■ ASSIGNMENT
Look below for the line with "Made in Italy", and from there restate every line word for word until the entries end.

■ DATA
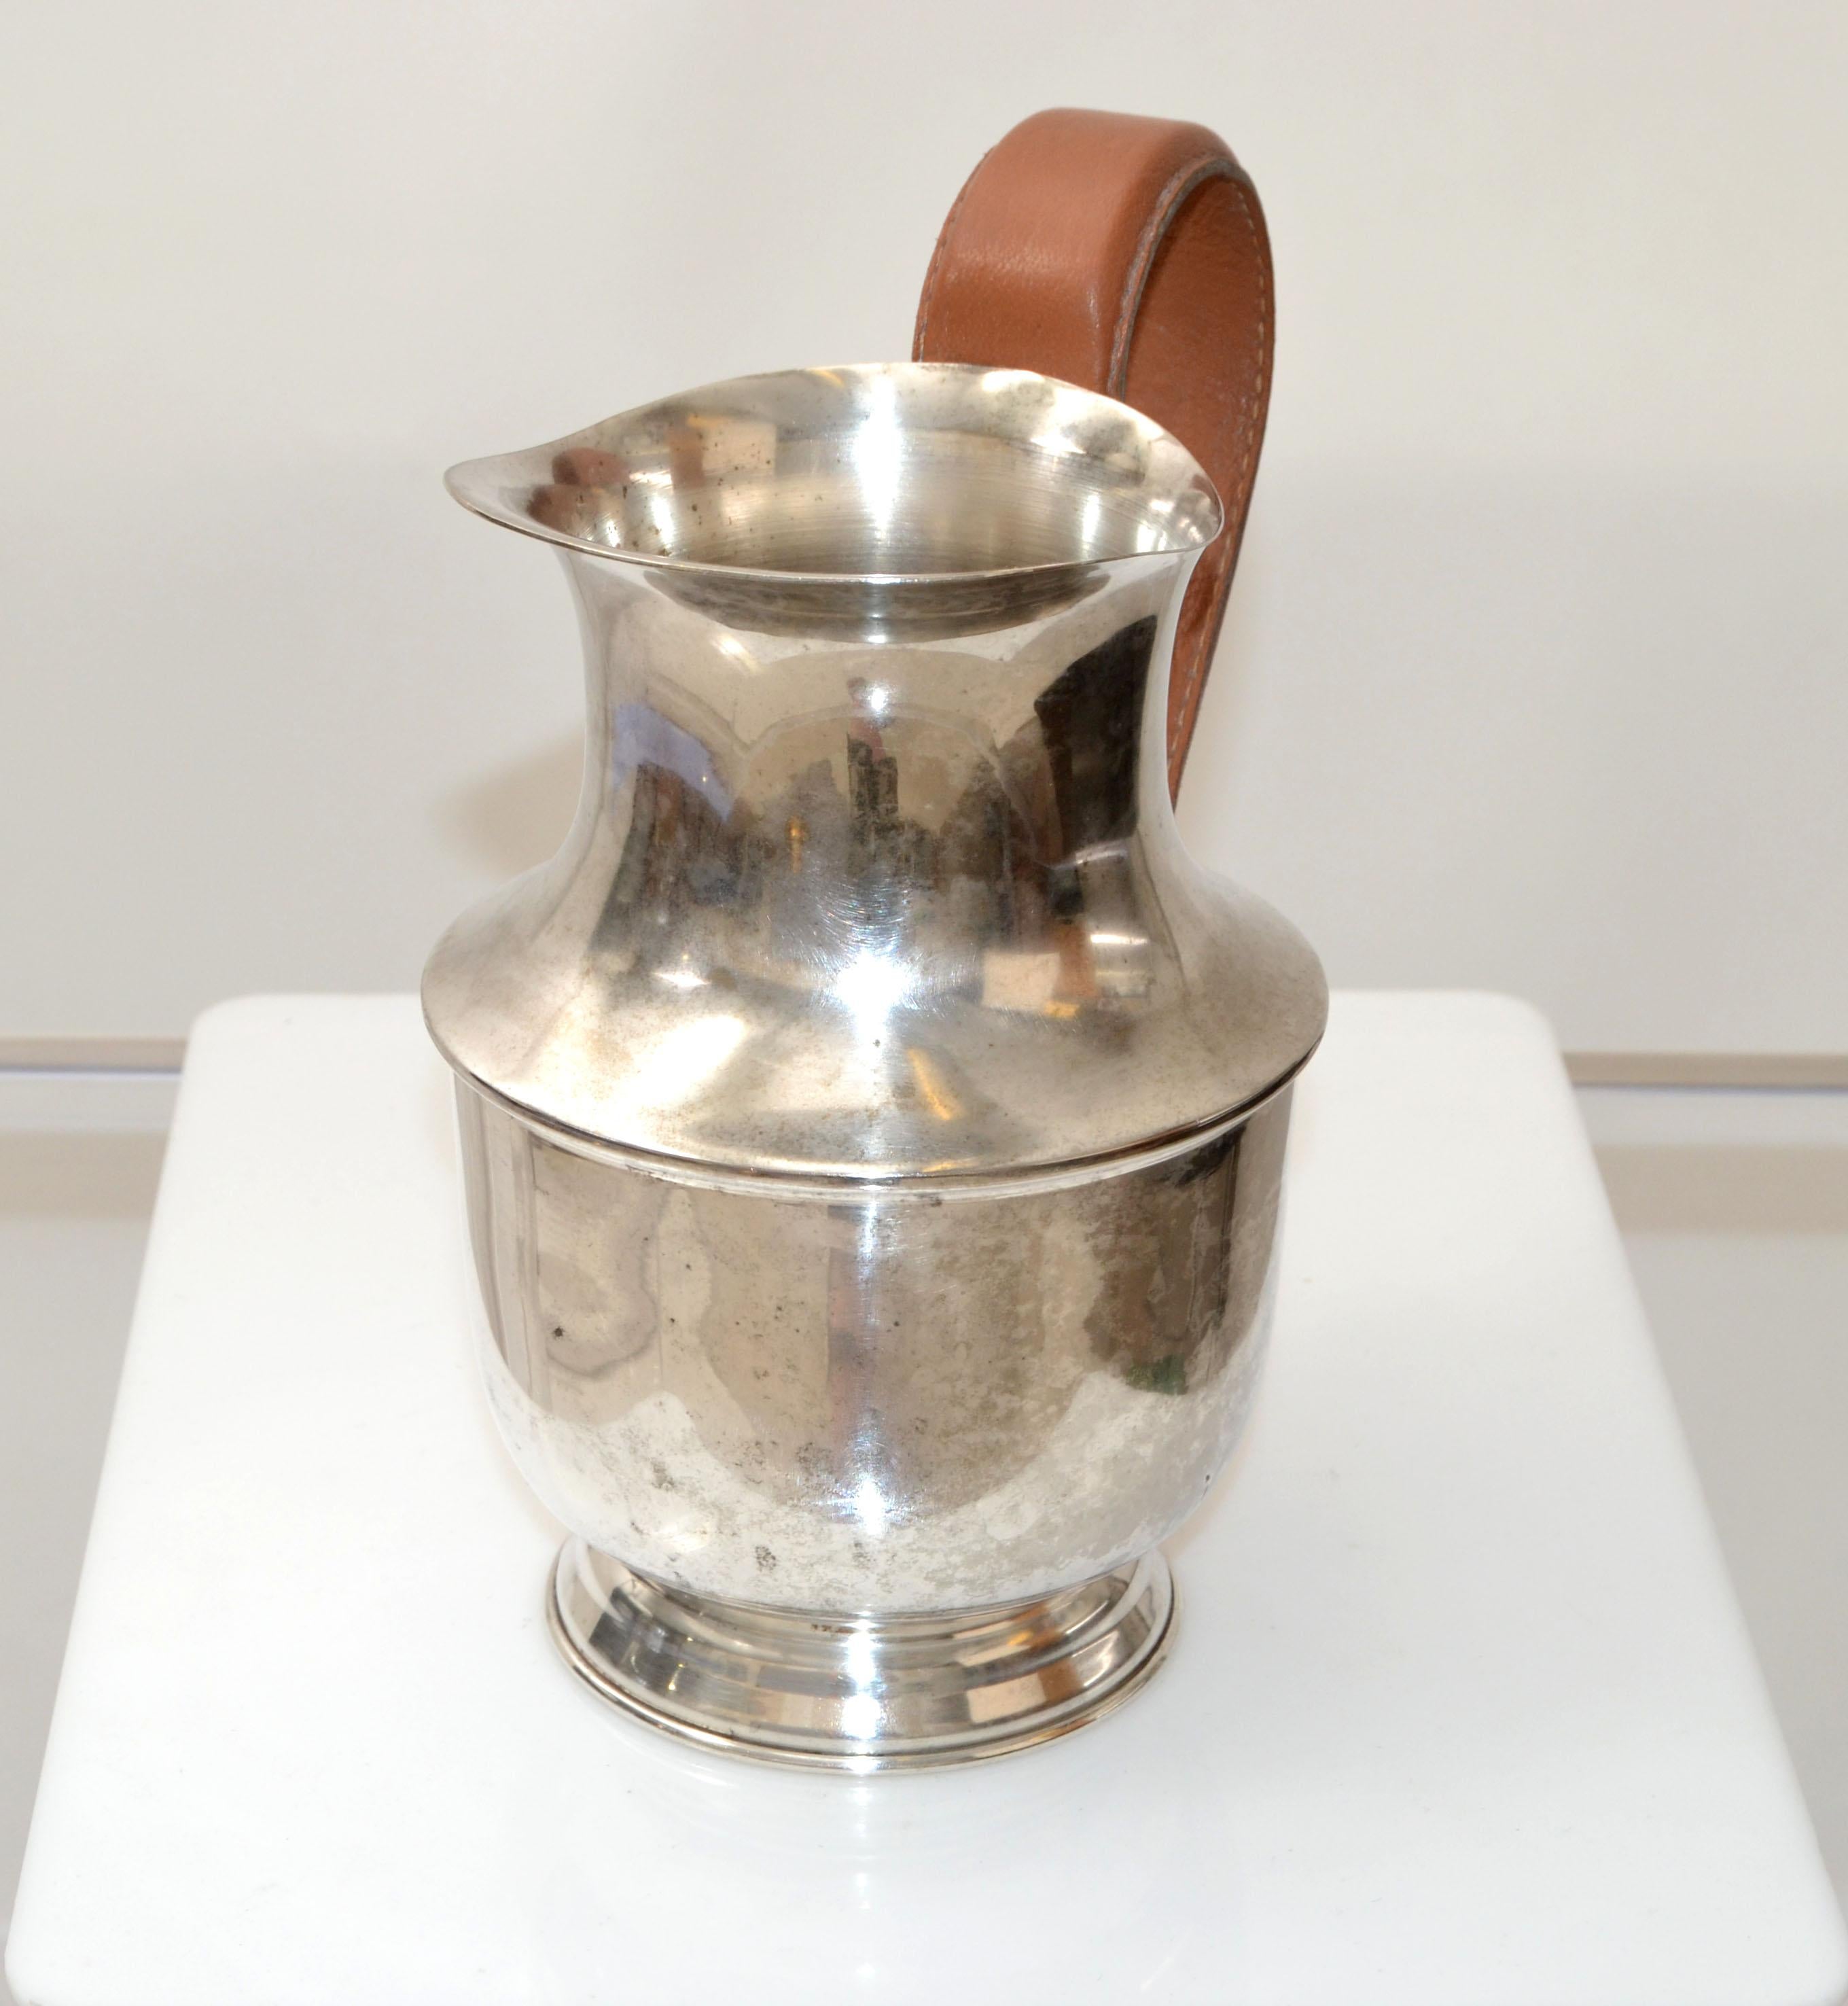 American Hermès Style Mid-Century Modern Silver Plate over Nickel Decanter, Vessel Carafe
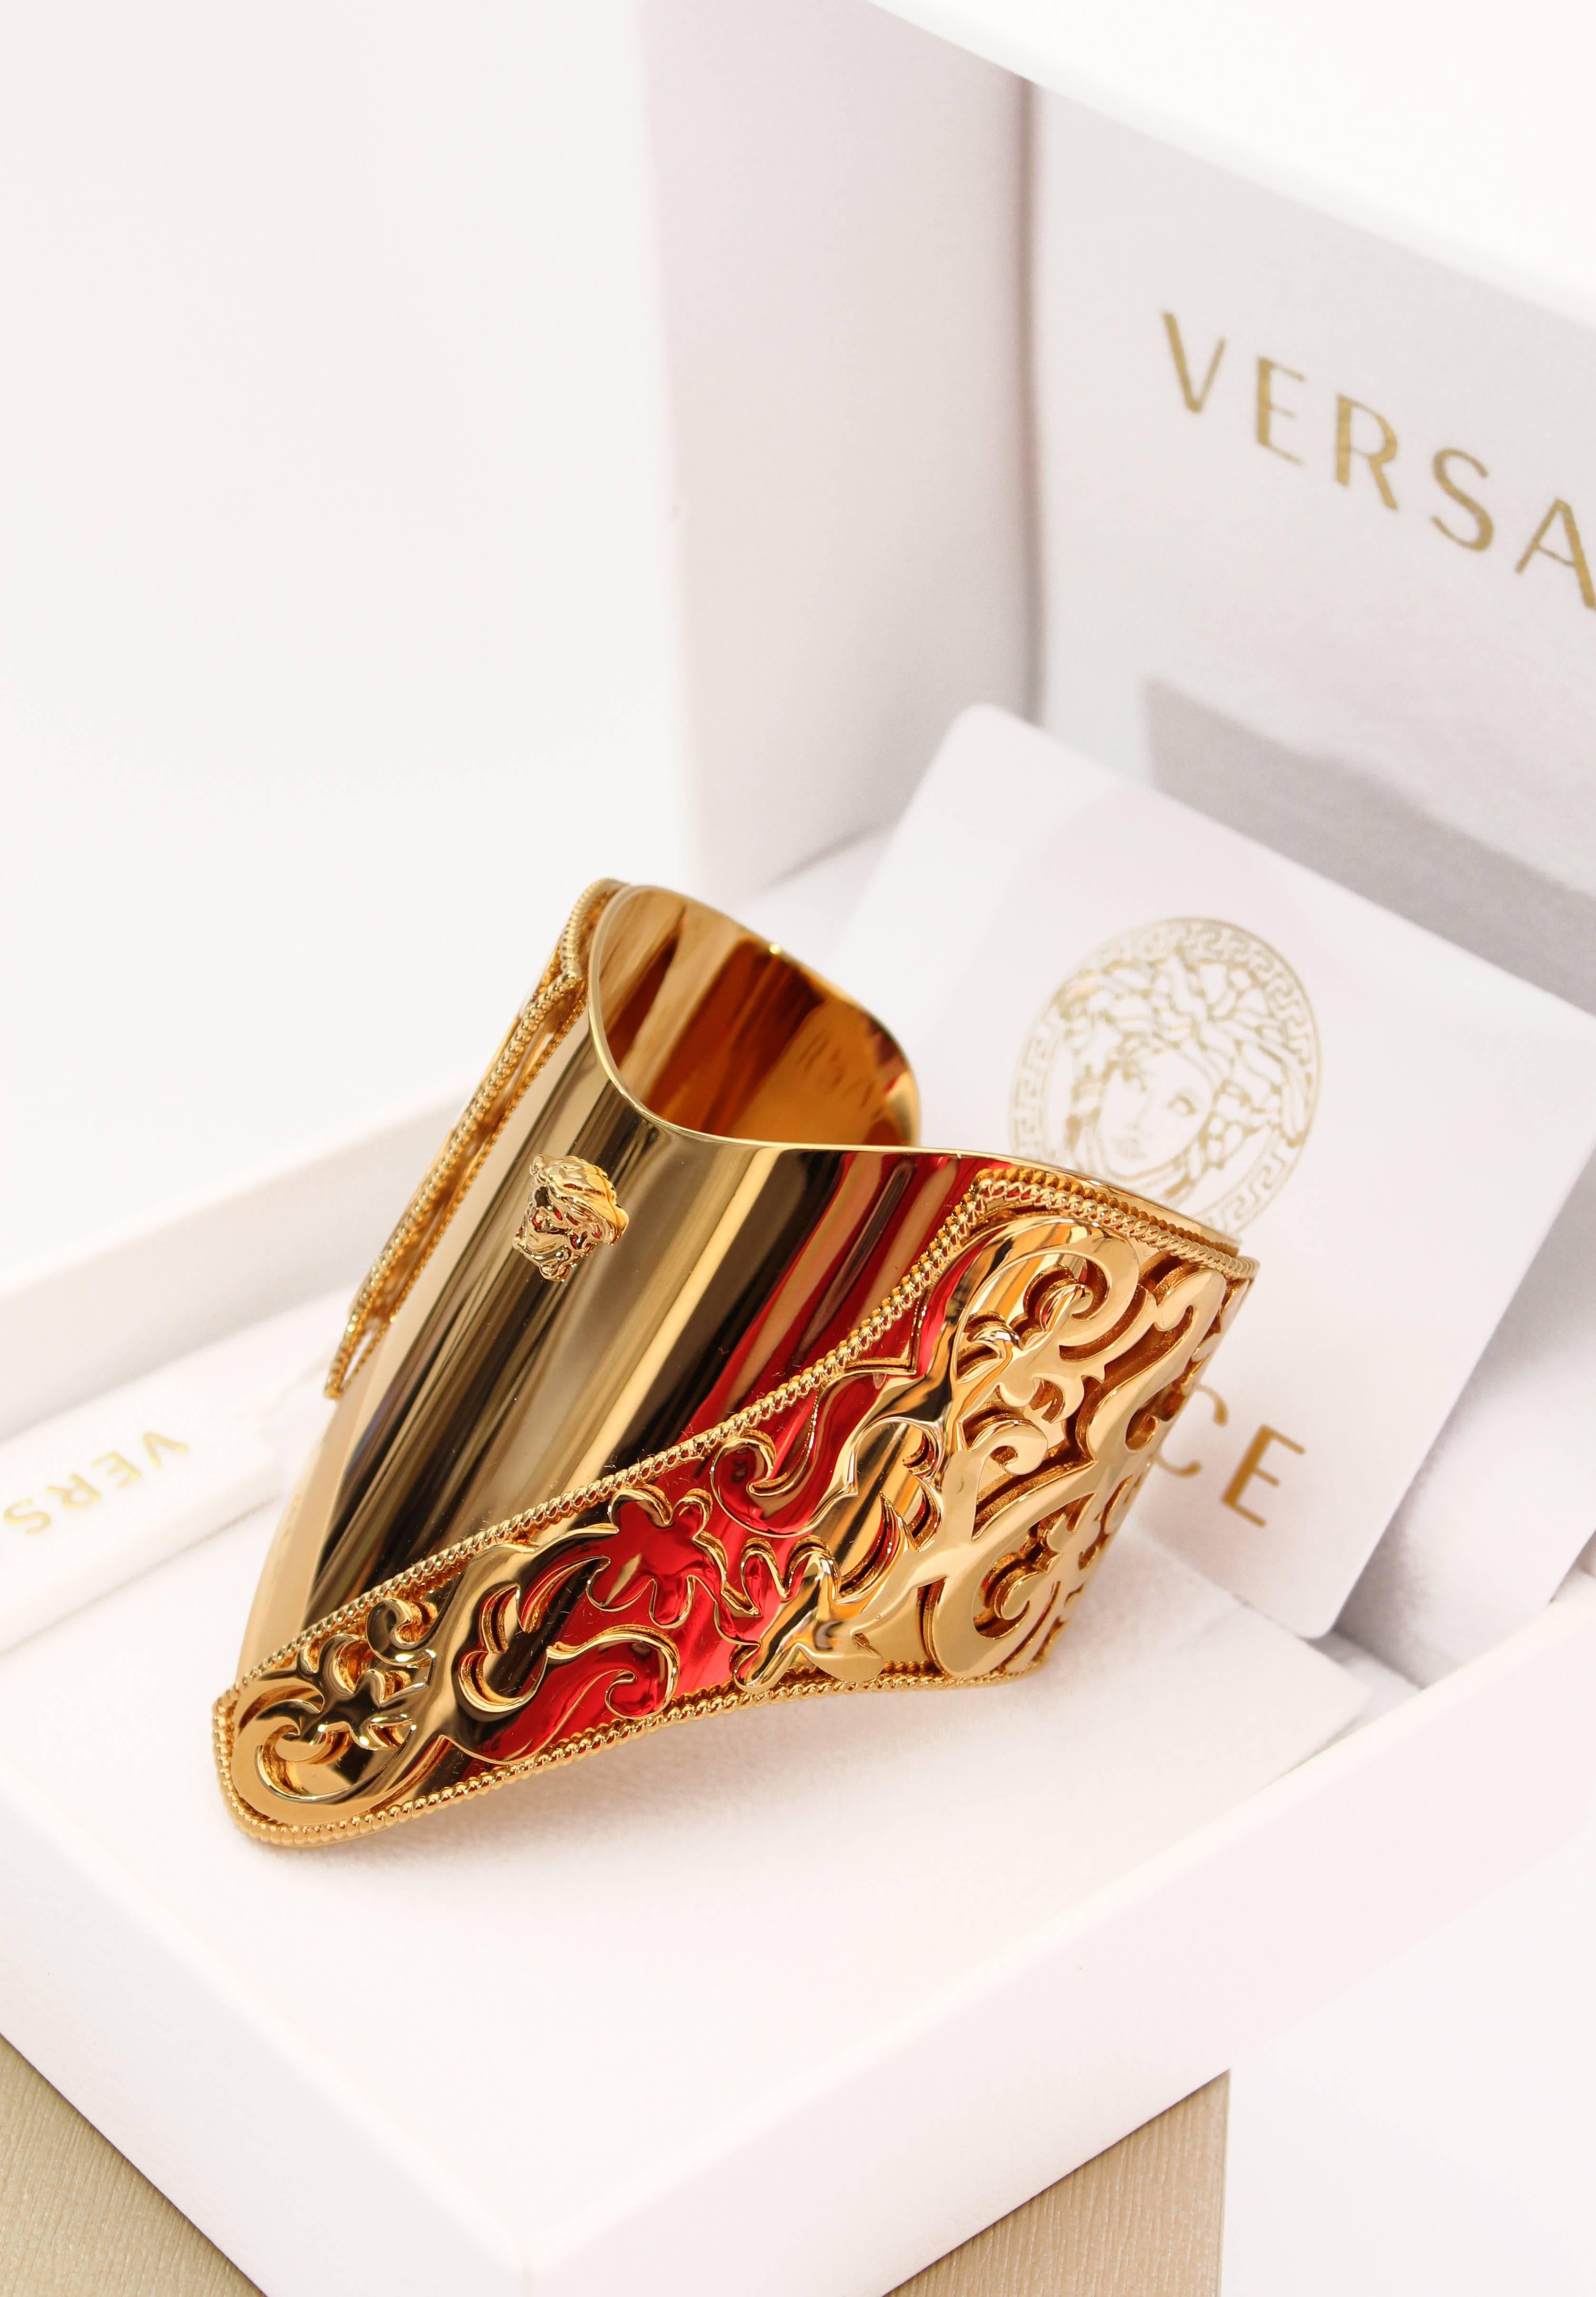 VERSACE

Take your accessorizing to a new level of luxury with this Versace cuff bracelet.
 
24K Gold Plated Metal

Made in Italy

Comes with Versace box.

Display model

■ THE COMPLETED TASK
Made in Italy

Comes with Versace box.

Display model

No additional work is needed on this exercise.